Congenital cutaneous candidiasis is a type of candida infection in newborn babies, which appears as generalized red patches and small bumps on the skin or in the mouth, appearing at birth or a few days after birth. It can also occur as more serious widespread disseminated type.

It is caused by Candida (a type of yeast), usually as a complication following premature rupture of membranes in a mother with vaginal thrush. Diagnosis cannot usually be made before birth. It may be suspected by observing white-yellow spots on the placenta and around the umbilical cord. The umbilical cord may have areas of dead tissue or calcification. A sample of the cord under the microscope usually shows inflammation of the blood vessel walls, with lots of white blood cells, and the fungal filaments may be seen when the sample is stained.

It is rare, with 70 cases reported in literature between the years of 1971 and 2011. The earliest known reports of new-born fungal infections in newborns following pregnancy were in the 19th century. The condition was previously known as 'Beck-Ibrahim disease', a term now abandoned due to the association of Ibrahim with Nazi euthanasia.

==Signs and symptoms==
It may present as generalized red patches and small bumps on the skin, appearing at birth or within the first 6 days of life. Lesions may be located on the trunk, extensor surfaces, and folds of the skin. In rare cases, nail dystrophy may occur. There may be inflamed eyes, lung infection, and the baby may have swollen vagina and vulva. It can also occur as a more serious systemic infection, with symptoms of respiratory distress, hepatosplenomegaly, low blood pressure, sepsis, and death.

==Diagnosis==
Diagnosis cannot usually be made before birth. It may be suspected by observing muddy looking amniotic fluid, or white-yellow spots on the placenta and around the umbilical cord. The umbilical cord may have areas of dead tissue or calcification. A sample of the cord under the microscope usually shows inflammation of the blood vessel walls, a high white blood cell count, and the fungal filaments may be seen when the sample is stained.

Bilirubin may be high and medical imaging may show evidence of pneumonia.

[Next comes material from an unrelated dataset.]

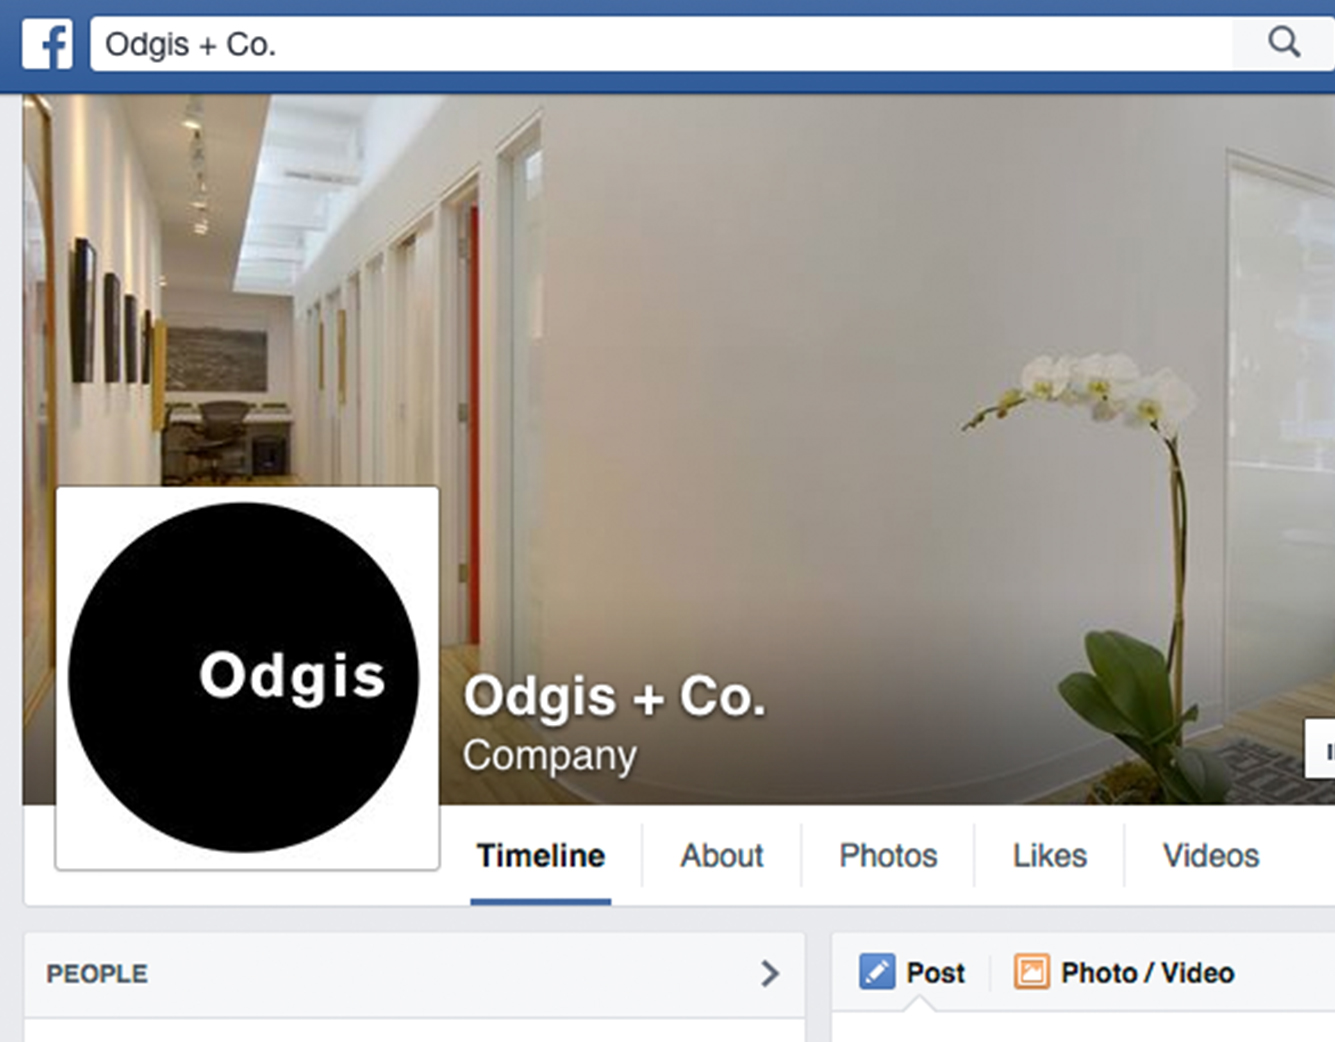 Odigs + Co's Facebook

After birth, diagnosis can be made through potassium hydroxide preparation on skin scrapings from the infant. The sample will show yeast and pseudohyphae. Definitive diagnosis requires culturing of the fungus from blood, urine, or cerebrospinal fluid.

==Cause==
It is caused by Candida (a type of yeast), usually as a complication following in utero premature rupture of membranes in a mother with vaginal thrush. Other potential causes include presence of intrauterine devices or sutures. Candida albicans is the primary pathogen among the Candida genera, and is responsible for roughly 60-75% of neonatal Candida infections. Preterm infants and infants with a low birth weight are at a higher risk for systemic dissemination.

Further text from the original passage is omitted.